# Humanities & Anthropology > Philosophy >  How the Christian Revolution Created the "Western" Mind

## Angela

"Dominion: How the Christian Revolution Remade the World".

All the buzz about Tom Holland's book, which I first saw mentioned by Razib Khan, is correct. 

Not only is it historically sound and logical, it is also very accessible and engagingly written; no need to have been force fed the writings of the early Church fathers. It's a real treat. 

It can be purchased for very little used, which is what I did.

https://www.goodreads.com/book/show/43885149-dominion


Even The Guardian, bastion of all things liberal, can't trash it.
https://www.theguardian.com/books/20...holland-review

From one of the reviews:

"Over and over again he shows that ideas we consider to be "self-evident" (to use the words of the framers of the US Constitution) are actually nothing of the sort - they are deeply rooted in Christian theology. The idea of fundamental human rights based on the fact that we are all humans and therefore all equal - which we assume almost without thinking - are shown to be based on Christian ideals and utterly alien to pre-Christian cultures like the Persians, Greeks and Romans. Even concepts such as revolutions, reform, championing the poor, the weak and the sick or the coming dawn of a new perfected age are shown to have intrincisally Christian foundations. Paradoxically, Holland shows secularism, humanism and agnosticism also all have their deeper roots in purely Christian concepts.

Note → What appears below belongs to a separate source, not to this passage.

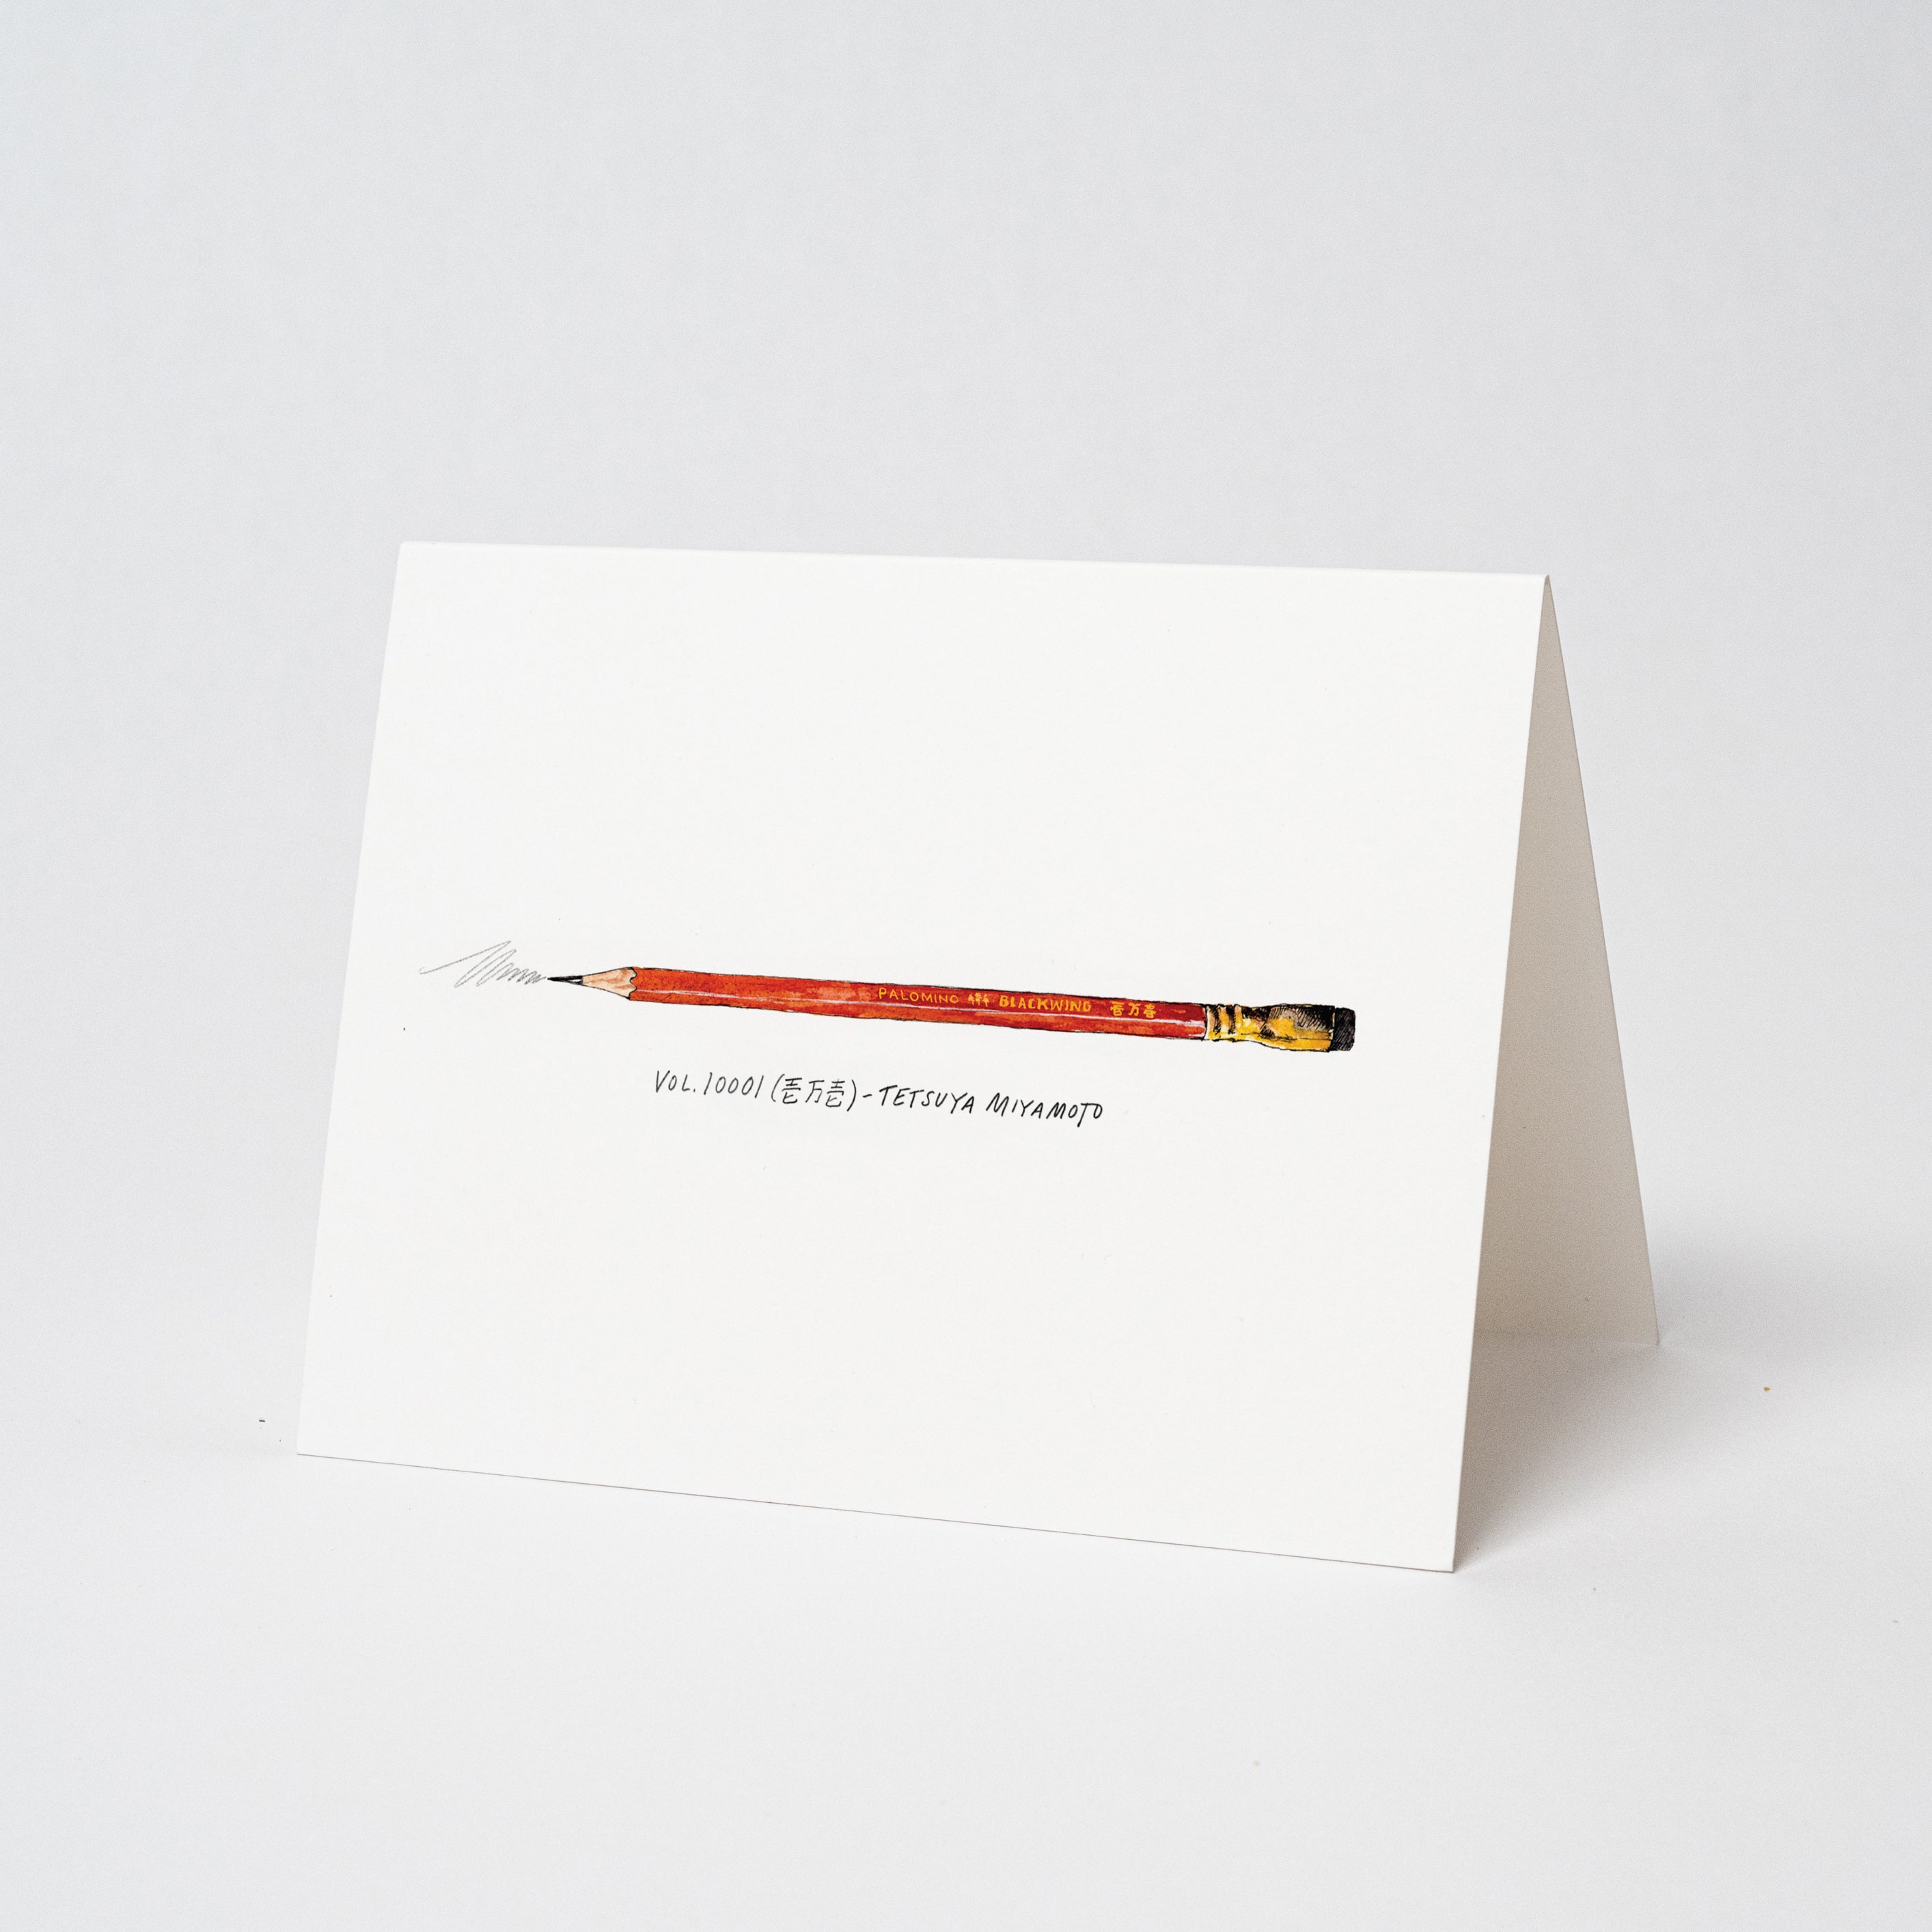 A limited edition Blackwing Volumes Notecard with a pencil on it by Blackwing Volumes.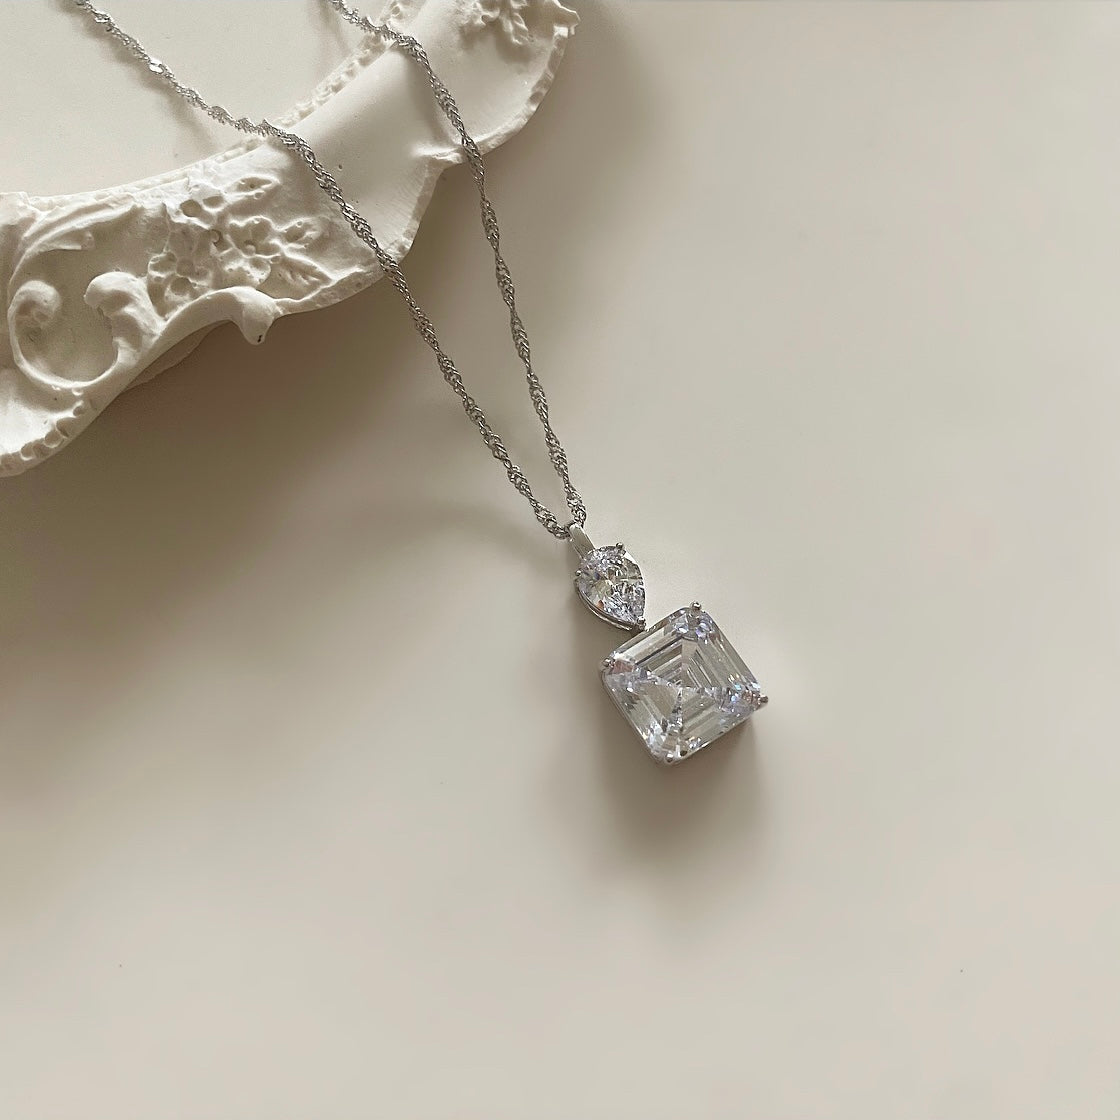 This beautiful Sterling Silver necklace features stunning crystal zirconia that will sparkle and shine all day. Expertly cut and polished to a high luster, the zirconia makes a bold statement without sacrificing comfort and elegance. Perfect for any occasion. Pair with crystal earrings for a complete look.  Necklace drop 23cm

That paradox will mean this book will be vigorously rejected by many - probably precisely the audience who most needs to grasp its thesis, given the appalling historical illiteracy of most of the vehement advocates of stridently anti-theistic atheism. That the religion that has dominated the western worlds will have a fundamental influence on our culture is a concept that should be so clearly evident that it barely needs saying. That Holland has had to say it tells us something about our culture's historical myopia. And that he has said it with such verve, eloquence, wit and insight is to our benefit and his credit. This is an excellent book."

----------


## Ygorcs

Wow, from the reviews this book sounds like a most interesting and especially necessary one (at this age of ideological rants disguised as historical knowledge).

----------


## dominique_nuit

In a similar vein, I would recommend Larry Siedentop, "Inventing the Individual: The Origins of Western Liberalism" ---> again, crediting Christianity with so much that is distinctive about the West

https://www.amazon.com/gp/product/06...?ie=UTF8&psc=1

But for my money, I think Christopher Dawson is very hard to top on all such "meta" historical questions

----------